REQUIRED WORK => Type out the whole listing again exactly, pictures omitted.

PROVIDED DATA =>
******************************
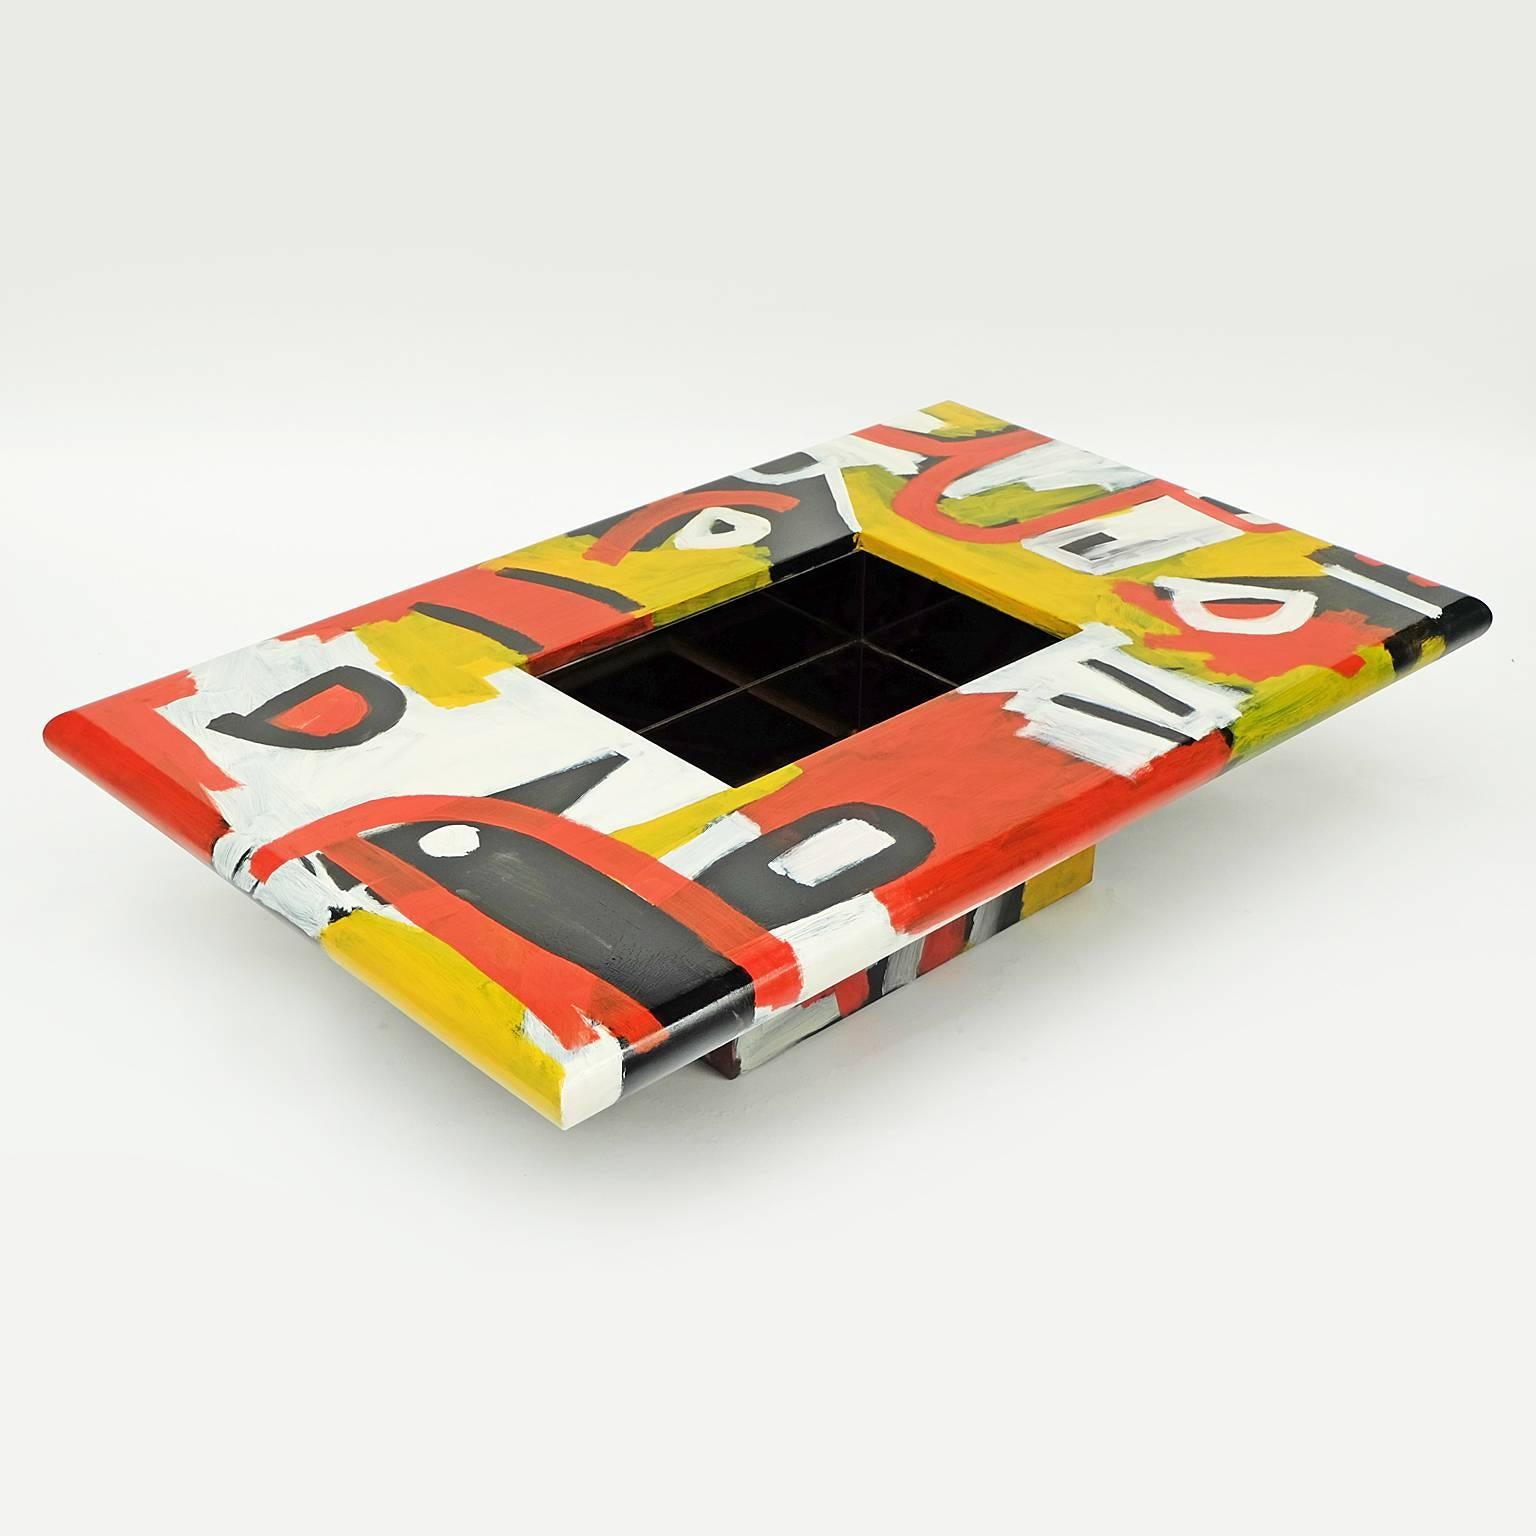 The studio coffee table is a bespoke piece created by the artist Alan Fears. 

The table features a hand painted freeform tribal design.
Central tinted mirror storage. 

Measures: H 33cm x L 137cm x W 87cm.
******************************
OUTPUT OF THE EXERCISE =>
 The studio coffee table is a bespoke piece created by the artist Alan Fears. 

The table features a hand painted freeform tribal design.
Central tinted mirror storage. 

Measures: H 33cm x L 137cm x W 87cm.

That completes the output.